Да хранит Вас Господь».

Пронзительные звуки фанфар возвестили о начале регаты. Десятки разноцветных, украшенных самым невероятным образом гондол тронулись с места. Гондольеры отталкивались от многочисленных соседних лодок, расчищая себе пространство для скорости. Их азартные крики раздавались над Большим каналом. По берегам толпились зрители. С восточной стороны вовсю кричали и размахивали шляпами Кастеллани, прозванные так в городе по названию старого замка дожей – Кастелло, а с западной не отставали от них Николотти, именовавшиеся так по названию церкви Сан-Николо дель Мендиколи.

Гондольеры заняли свои места на красных бархатных ковриках. Их костюмы, тщательно продуманные, заслуживали особого внимания. Пестрые габардины – короткие курточки – были расшиты особым узором и украшены яркими лентами. Небольшие шапочки украшались перьями, по которым можно было судить о нраве гондольера: маленькие – знак прыткого, стремительного и изворотливого; большие означали силу и напор.

Именно эти, последние, сейчас и устремились вперед. Так началась регата в день Фесты делла Сенсы, праздника «обручения с морем» – самого зрелищного из водных праздников Венеции. Это был праздник ее духа, ее вечной молодости.

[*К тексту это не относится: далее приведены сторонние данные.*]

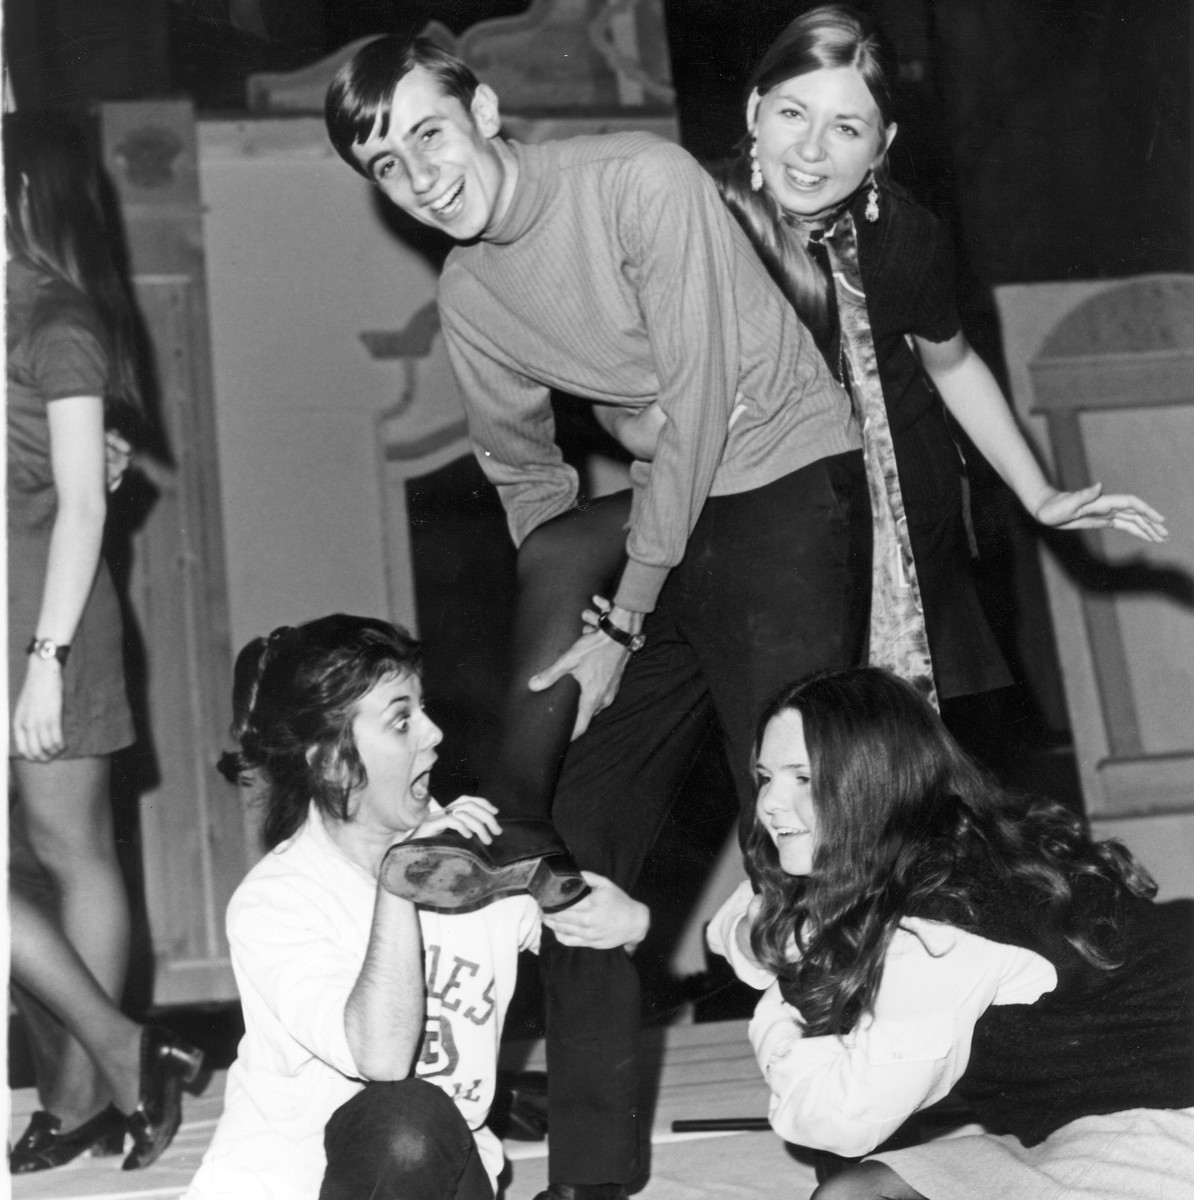 Theater students play around, 1970

На большой трибуне скопились патриции в длинных торжественных одеждах. Их костюмы поражали не столько богатством и роскошью, сколько обилием деталей – поверх бархатного жилета на них были надеты разнообразных цветов накидки, отделанные мехом куницы или бобра. Поверх накидок фигуры окутывали широкие плащи с золотой вышивкой. Плащи были искусно задрапированы на римский манер, их тяжелые складки спускались с левого плеча.

Когда гондолы скрылись из виду, восхищенные горожане увидели торжественный выезд дожа. Агустино Барбариго умел поражать послов всего мира величием Республики святого Марка. Но сегодня он, казалось, превзошел самого себя. Выезд Буцентавра – его огромной гондолы, обтянутой атласом и украшенной яркими восточными коврами, – был настоящим сказочным спектаклем. Его появление предваряли бесчисленные кораблики, перевитые цветами и гирляндами, с юношами и девушками на палубах. Повсюду слышалось пение десятков ангельских мальчишечьих голосов; воздух был напоен благовониями Востока и Индии, трепетали на ветру штандарты, богато расшитые золотом.

Обязательный элемент празднества – какой-нибудь удивительный механизм, установленный на корабле. На этот раз по Большому каналу вслед за Буцентавром двигалась огромная Вселенная, в открытой внутренности которой разыгрывалась аллегорическая пантомима из жизни божественных героев.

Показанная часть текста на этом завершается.